Господи, как он любил стихи! Стеклянный шкапчик в спальне был полон его
книг: Гумилев и Эредиа, Блок и Рильке, -- и сколько он знал наизусть! А
тетради... Нужно будет когда-нибудь решиться и всё просмотреть. Она это
может, а я не могу. Как это странно случается, что со дня на день
откладываешь. Разве, казалось бы, не наслаждение, -- единственное, горькое
наслаждение, -- перебирать имущество мертвого, а оно однако так и остается
лежать нетронутым (спасительная лень души?); немыслимо, чтобы чужой
дотронулся до него, но какое облегчение, если бы нечаянный пожар уничтожил
этот драгоценный маленький шкал. Александр Яковлевич вдруг встал и, как бы
случайно, так переставил стул около письменного стола, чтобы ни он, ни тень
книг никак не могли служить темой для призрака.

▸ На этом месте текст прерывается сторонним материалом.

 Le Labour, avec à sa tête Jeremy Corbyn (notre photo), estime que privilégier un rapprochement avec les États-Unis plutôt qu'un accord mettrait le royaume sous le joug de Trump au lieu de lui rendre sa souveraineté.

Разговор тем временем перешел на какого-то советского деятеля,
потерявшего после смерти Ленина власть. "Ну, в те годы, когда я видал его,
он был в зените славы и добра", -- говорил Васильев, профессионально
перевирая цитату.
Молодой человек, похожий на Федора Константиновича (к которому именно
поэтому так привязались Чернышевские), теперь очутился у двери, где, прежде
чем выйти, остановился в полоборота к отцу, -- и, несмотря на свой чисто
умозрительный состав, ах, как он был сейчас плотнее всех сидящих в комнате!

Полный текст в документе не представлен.